PS by conservation of energy, in an ideal experiment, ##h## before and ##h## after must be the same.
So the answer given by @phystro is h = 0.05 is height ball goes after spring releases. And how can i calculate height from which it is fall down ? because i think height will vary according to different spring
 
  • #9
san12345 said:
So the answer given by @phystro is h = 0.05 is height ball goes after spring releases. And how can i calculate height from which it is fall down ? because i think height will vary according to different spring
How can you calculate ##h## without knowing the spring constant?

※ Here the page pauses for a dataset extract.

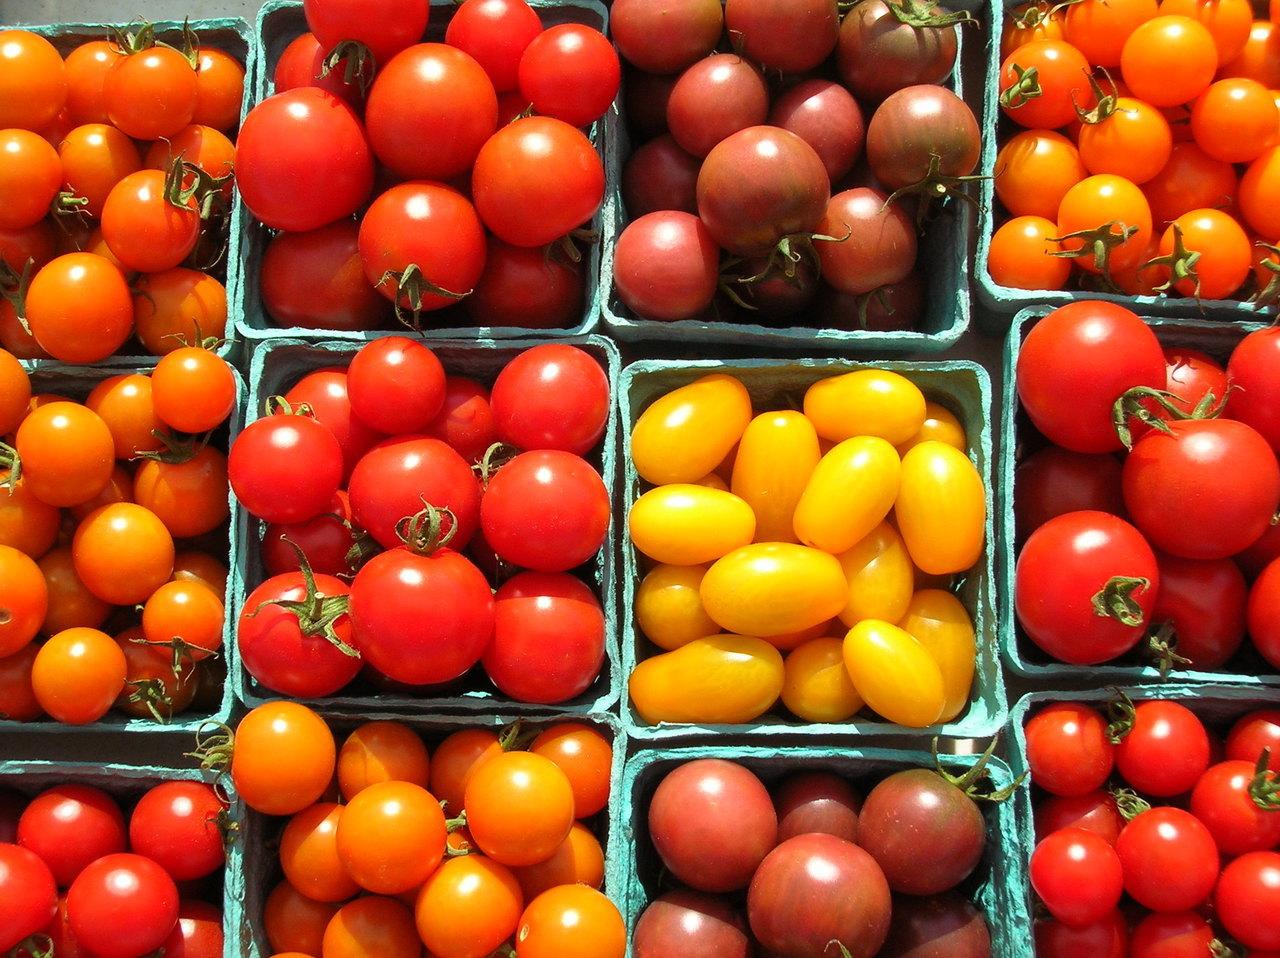 A range of fresh tomatoes
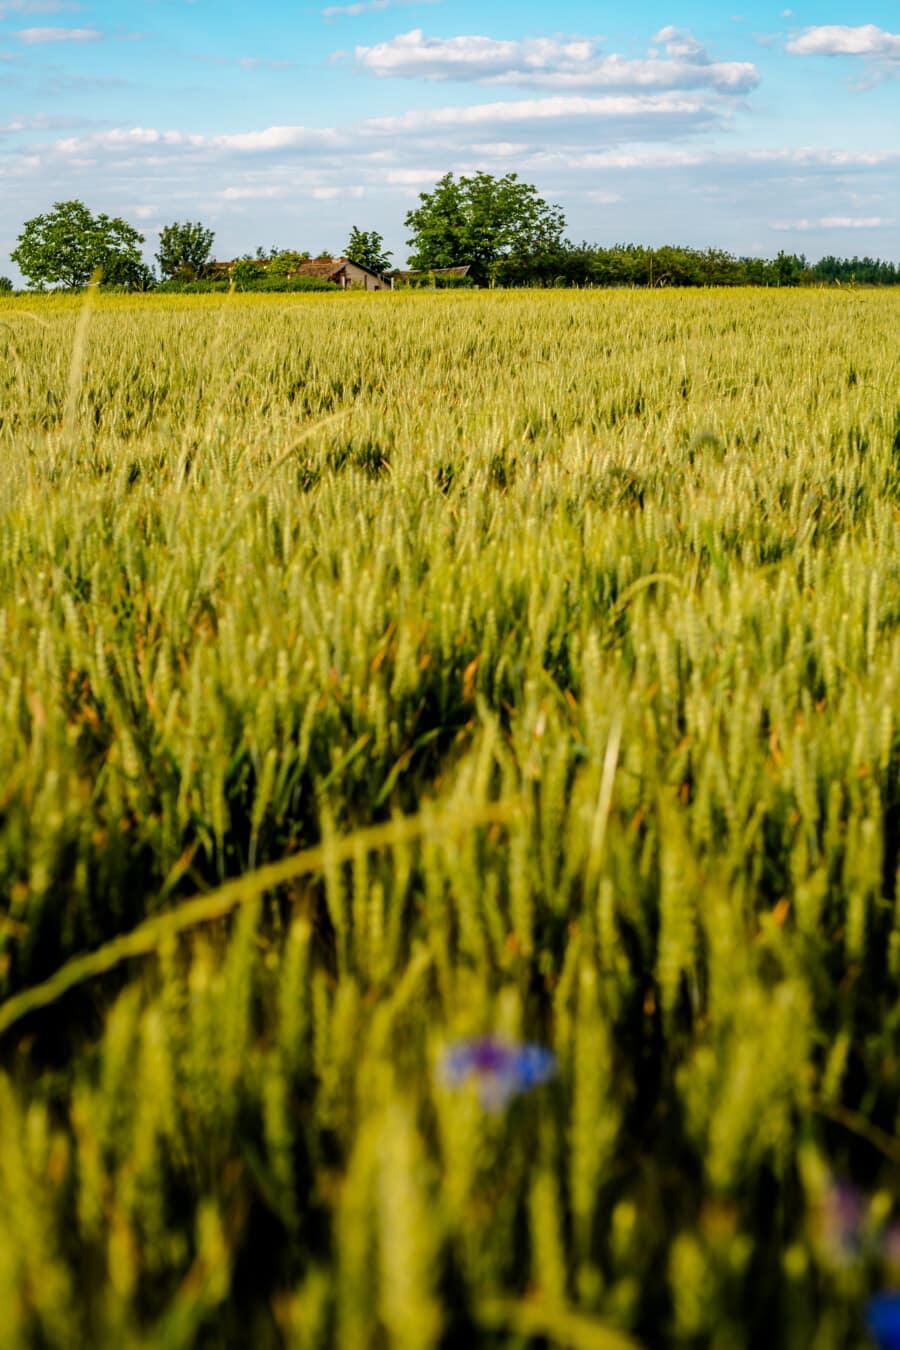 麦畑, ファーム, 草, 穀物, 農村, 夏, ランドス ケープ, 小麦, フィールド, 農業

My answer would be ##h = \frac{kx^2}{2mg}##. You need to know ##k##.
 
  • #10
PeroK said:
How can you calculate ##h## without knowing the spring constant?

My answer would be ##h = \frac{kx^2}{2mg}##. You need to know ##k##.
i calculated spring constant as k = mg/x. is it correct? also the equation u given finds height before the ball hits spring or after spring releases ball up ? i want to find height in both scenarios
 
  • #11
san12345 said:
i calculated spring constant as k = mg/x. is it correct? also the equation u given finds height before the ball hits spring or after spring releases ball up ? i want to find height in both scenarios
That calculation only works if the mass is placed on the spring. In which case it will oscillate with an amplitude of ##0.05m##.

If the mass is dropped from above the spring, then it also has some KE when it hits the spring. In that case it will bounce back to the height it started (elastic collision). Then you need to know either the starting height or the spring constant.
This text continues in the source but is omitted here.